Мышкин взглянул на Розу Васильевну, но та опустила глаза. Руки сложила на коленях, как школьница на балу.
– Кто? – спросил Мышкин.
Вместо ответа старик все же разлил водку по чашкам.
Поднял свою. В первый раз на морщинистом лике забрезжило осмысленное выражение, словно заново разглядел дорогих гостей.
– Помянем дщерь Христову. Пусть земля ей будет пухом.
Помянули. Мышкин закурил, а кроме него, никто.
– Ты мужик отчаянный, знаю, – сказал Калина, – но с ими тебе не справиться. По сравнению с ими Алихманбатюшка – все равно что голубь мира, – Кто такие?
– Ежли бы знать… Да никому и не надо. Пришлые.

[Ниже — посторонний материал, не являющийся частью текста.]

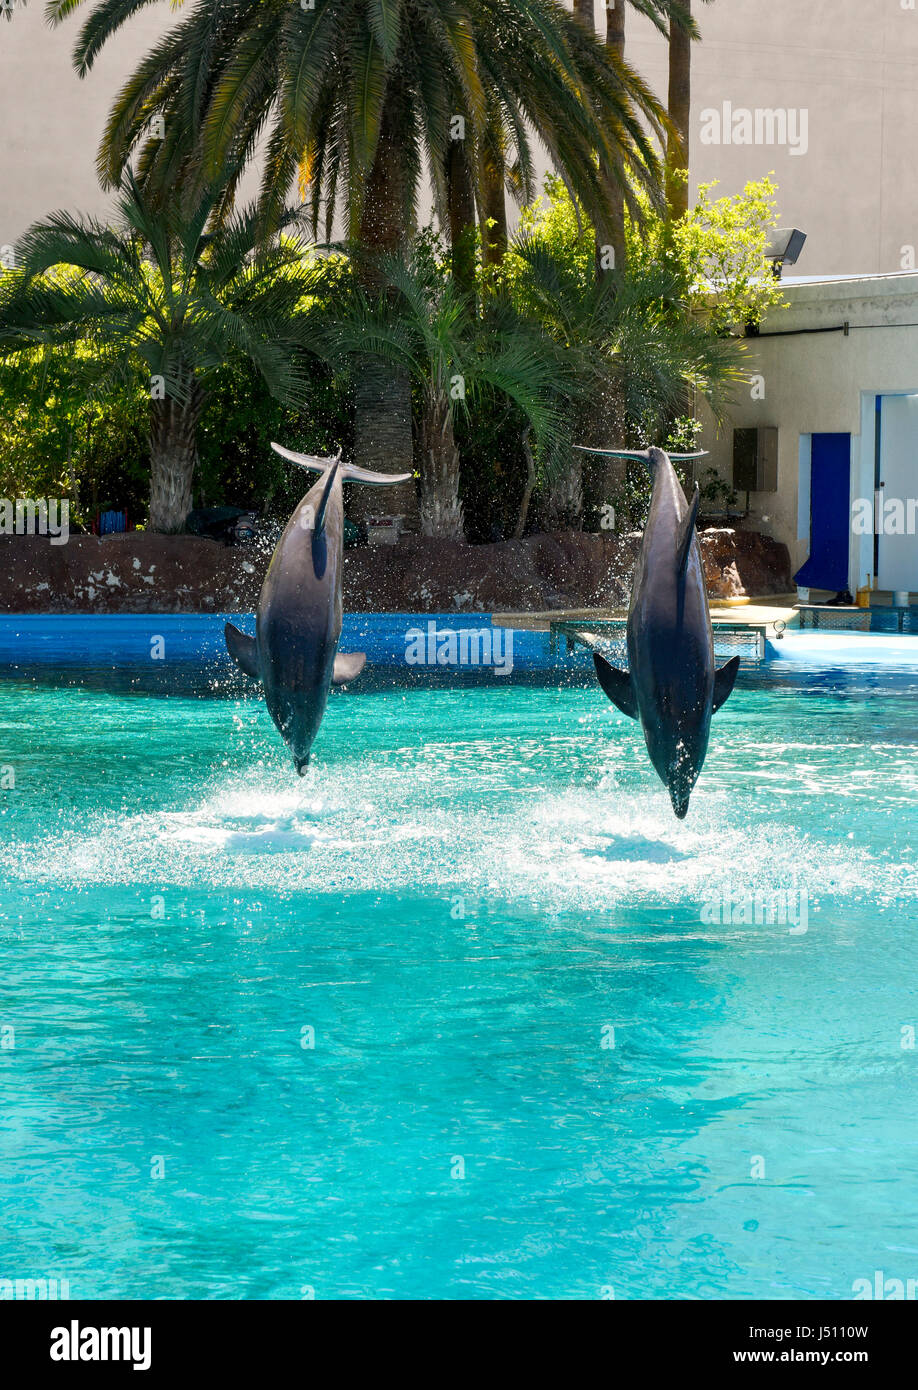 Due dolfins saltare fuori dall'acqua in unisono su comand da un trainer al Mirage, giardino segreto di Las Vegas, Nevada. Foto Stock

Сказал же – експеримент. Городишко подняли, аки младенца за ухи. Накачали какой-то отравой, творят, чего хотят. А чего хотят, одному сатане ведомо. Он их главный указчик. Уходи, Харитон. Как пришел, так и уйди. Позору в том нет. Спасайся. Мне, убогому, помирать легче будет.
Роза Васильевна после второй чашки подернулась приятным румянцем. Заневестилась, одним словом.
– Он разве послушает, дедушка. Он же осел упрямый.
– Всех ослов они в стойло загнали, – отозвался Калина. – И заметь, Харитоша, недовольных нету. Наш народишко на халяву шибко жадный. Токо мычит от радости.
Кто был недовольный, того на угольях спекли. У живых разумения человеческого не осталось вовсе.
– Зачем им это? Завоевателям, зачем?
– Експеримент, – в третий раз повторил старик полюбившееся слово. – Я так думаю, хотят изо всей России сотворить единое стадо. Так бывало и в прошлом. Старики сказывали. Сатана не первый раз к нам заглядывает. Но прежде людишки как-то спасались, в леса уходили. Нынче вряд ли получится. Крепко взялись. По телику я слыхал: полигон для реформ.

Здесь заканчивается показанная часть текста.